# PPA and Urinary Incontinence



## sophie (Jul 9, 2006)

Okay, Ruby is only an honorary Maltese (she's my Yorkie), but I believe she is suffering from urinary incontinence. I mean this girl can pee! She pees when she's just standing there, she pees when she is eating, drinking water, etc. She's even dribbled on me when I've picked her up. And, she pees a lot and often.

We don't know how old she is, but she's at least 8 or 9, appears to have had multiple litters, and has had a mastectomy to remove all of her nipples but two due to mammary tumors (benign). The surgeon had to go so deep as the tumors were into her muscles. So her skin on her chest and belly down to her yoo-hoo is very very tight (not sure is this contributes in anyway to her issue).

She has had all the urine tests including the ACTH stim test for Cushings and everthing came back negative, even her sugar levels are normal. She can go all night without peeing in the bed (which is maybe 4 or 5 hours as I can't sleep), but she sleeps like a rock and doesn't move a muscle when sleeping, but I have to rush her to the pad as soon as she wakes up. She will try to make it to the pad sometimes, but rarely makes it and leaves a little trail along the way.
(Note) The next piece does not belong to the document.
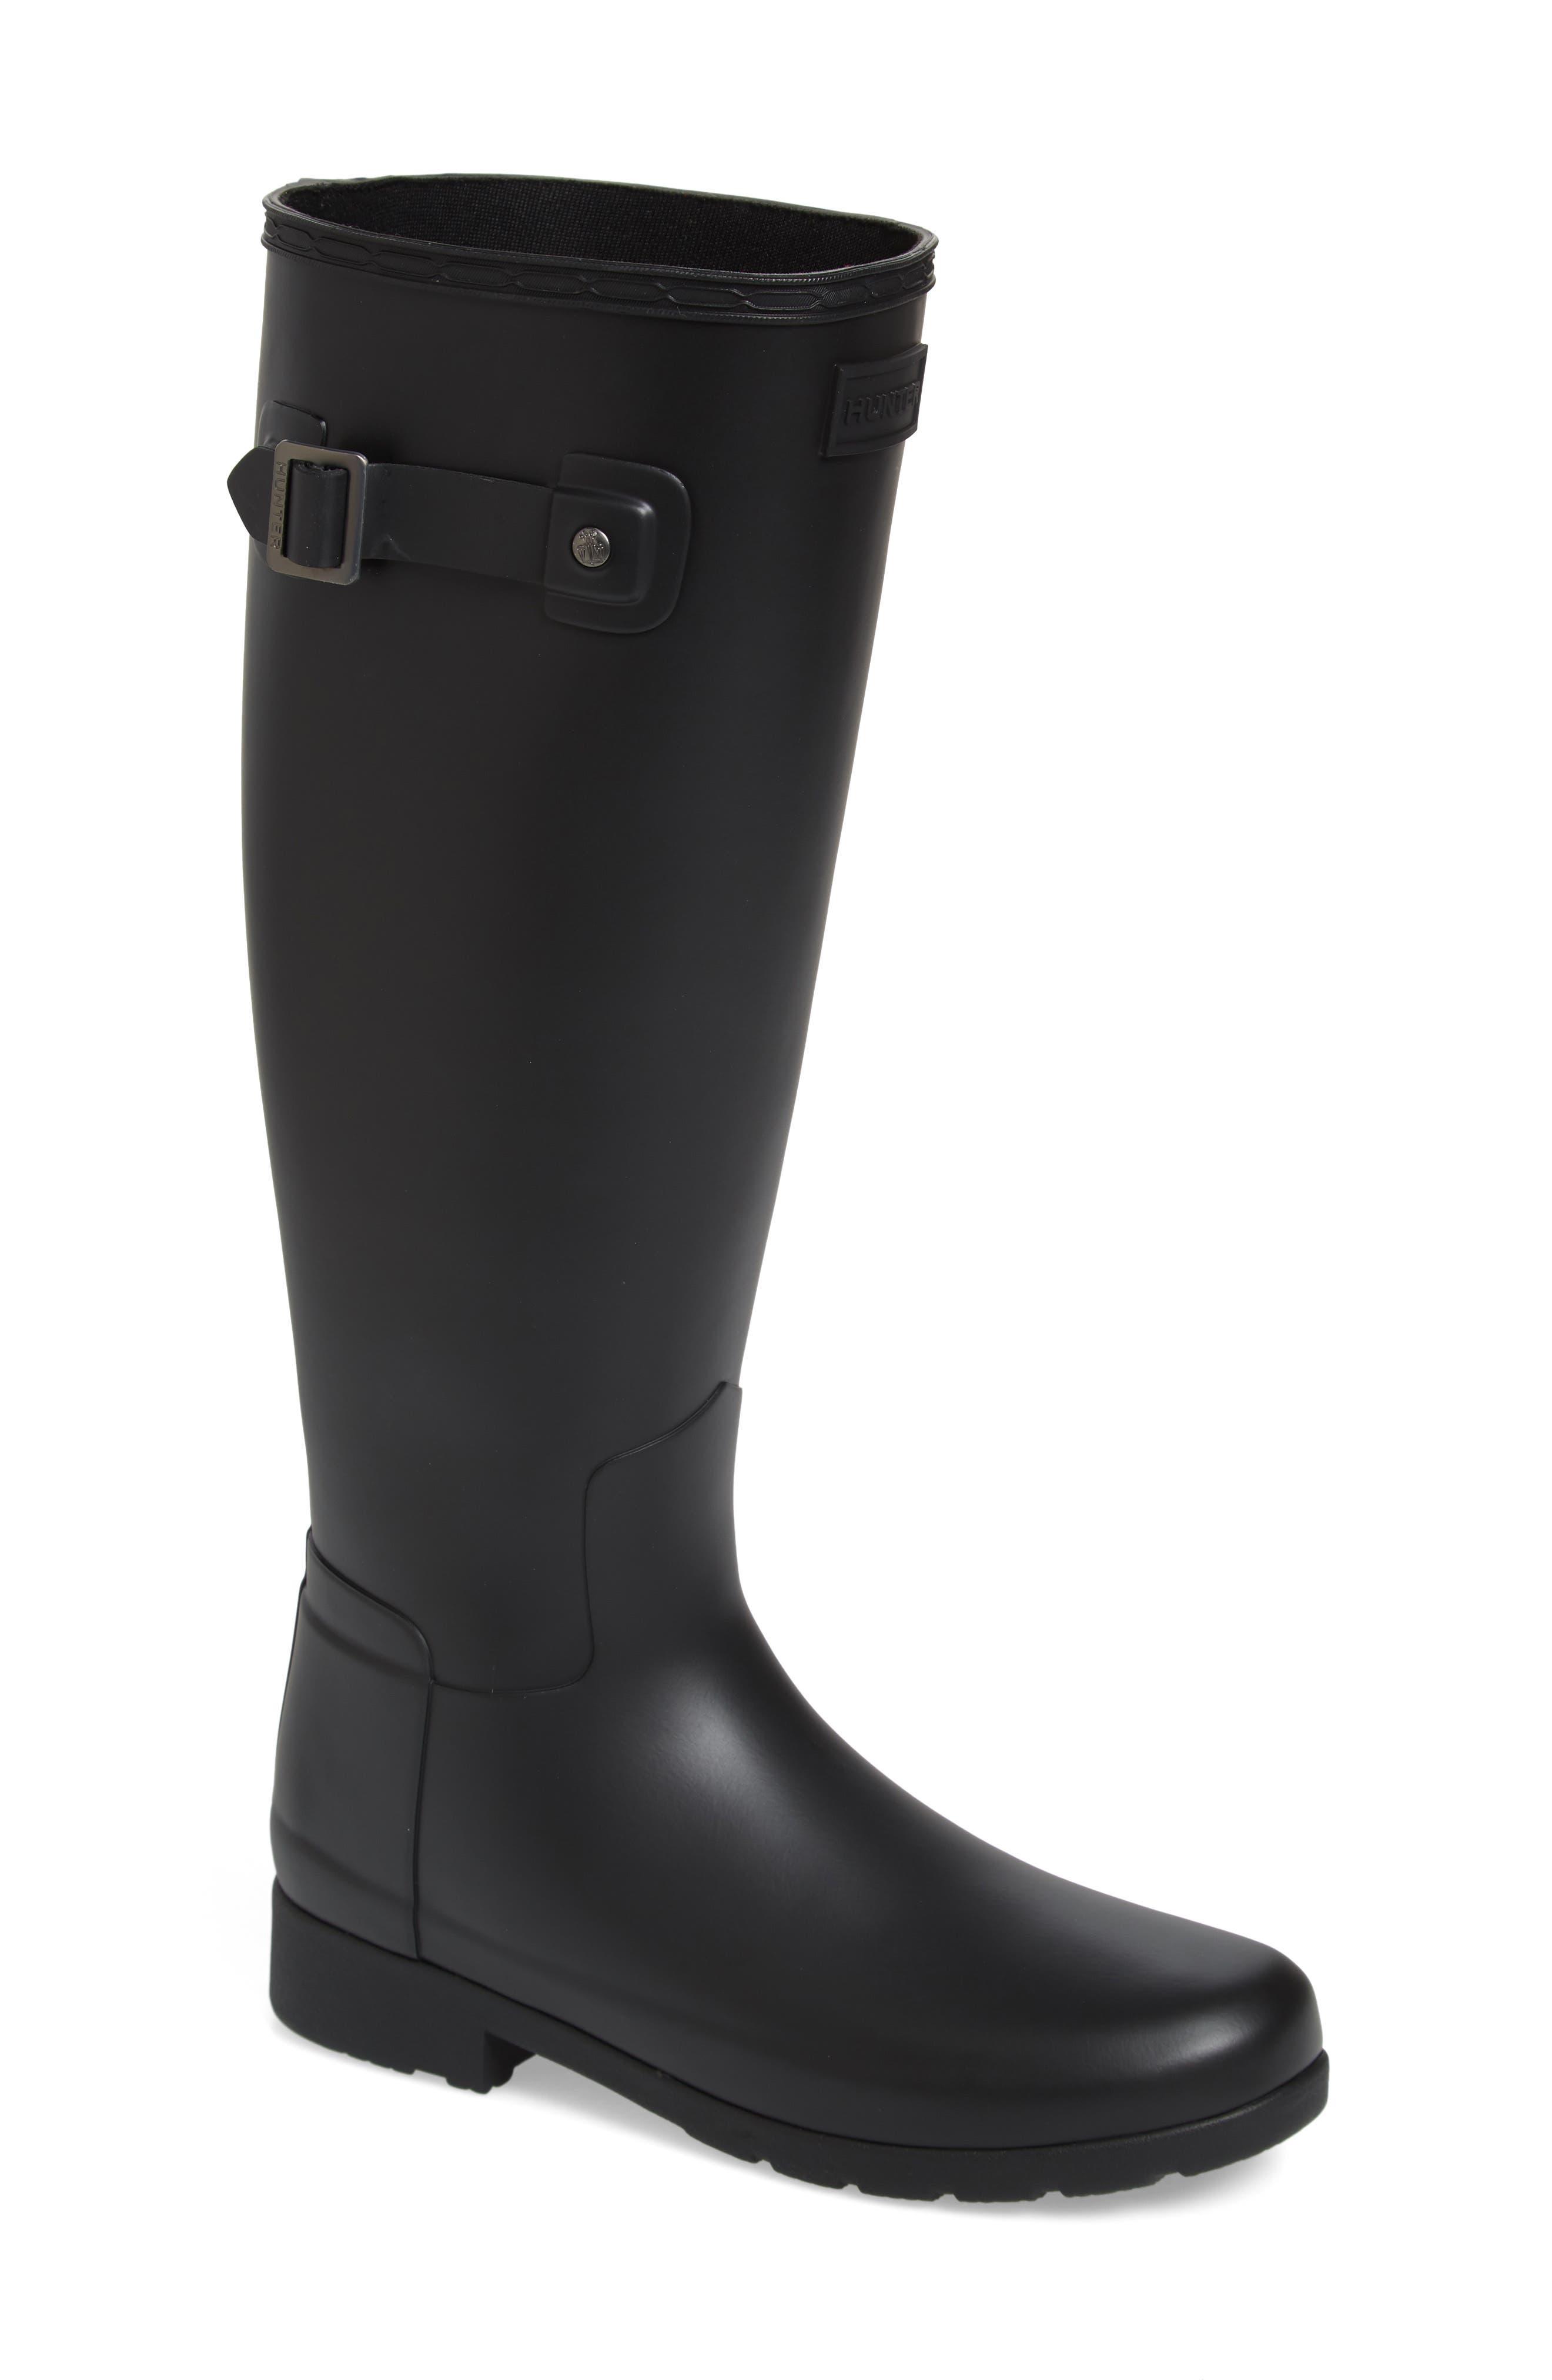 HUNTER Original Refined Waterproof Rain Boot, Main, color, BLACK REGULAR

I've tried diapers, but is that a poor sight. She won't move a muscle when it's on. 

So...I spoke with the vet and today we are starting her on PPA. She will get a quarter of a 25 mg tablet three times a day for a week and then I'll call the vet to update. If it appears to be working we will go to a quarter twice a day.

Does anyone else have experience with incontinence and PPA. I would be greatly intersted in hearing your experiences and any advice you have. 

Might there be other conditions that I'm not aware of that she should be tested for that could be causing this.

Thanks!

Hugs,

Linda


----------



## CrystalAndZoe (Jul 11, 2006)

I'm sorry I have no experience at all with PPA. But wanted you to know I hope you find some answers and help soon. Poor little Rugby is probably humiliated that her incontinence issues are being discussed on the world wide web. And to top that off...I wanted to give this thread a little 'bump'.:thumbsup:


----------



## lynda (Oct 11, 2005)

Linda I feel so badly for you and Ruby. I don't have any advice for you but I did go through something similar when we first got Katie. She was only 4 months old and she had what I would call stress incontinence. When ever you looked at her or talk to her she would pee right in front of you. Whenever company came into the house she would piddle. I felt so badly for her but I was very hopeful that she would out grow it. I never scolded her for it, she just broke my heart I felt so bad for her. I did take her to puppy school and I think she gained a lot of self confidence and within several months it all stopped. Oh, by the way, at the beginning of all this I did have her checked by our Vet and they found nothing physically wrong with her. I know Ruby's problem may well be physical but I do kinda know what you are going through. Some dogs with stress incontinence never get over it. I will pray for her that the medication will help.


----------



## almitra (Apr 24, 2009)

I wish I knew something about PPA and its effects on incontinence, but I DO wish you the best with this course of treatment. Please let us know how it goes for sweet Ruby.


----------



## sophie (Jul 9, 2006)

Crystal&Zoe said:


> I'm sorry I have no experience at all with PPA. But wanted you to know I hope you find some answers and help soon. Poor little Rugby is probably humiliated that her incontinence issues are being discussed on the world wide web. And to top that off...I wanted to give this thread a little 'bump'.:thumbsup:


Thanks, Crystal.

ROFL - If you don't tell Ruby her personal issues are being discussed, I won't. And, she's in her own little world so she probably wouldn't care - poor baby. Now, if it was Sophie, that would be different! She probably reads SM while I'm at work! lol

Thanks for the bump!

Linda


----------



## sophie (Jul 9, 2006)

Thanks for sharing. I don't believe it's any kind of stress or submissive peeing. She's never scolded when she pees or any other time. 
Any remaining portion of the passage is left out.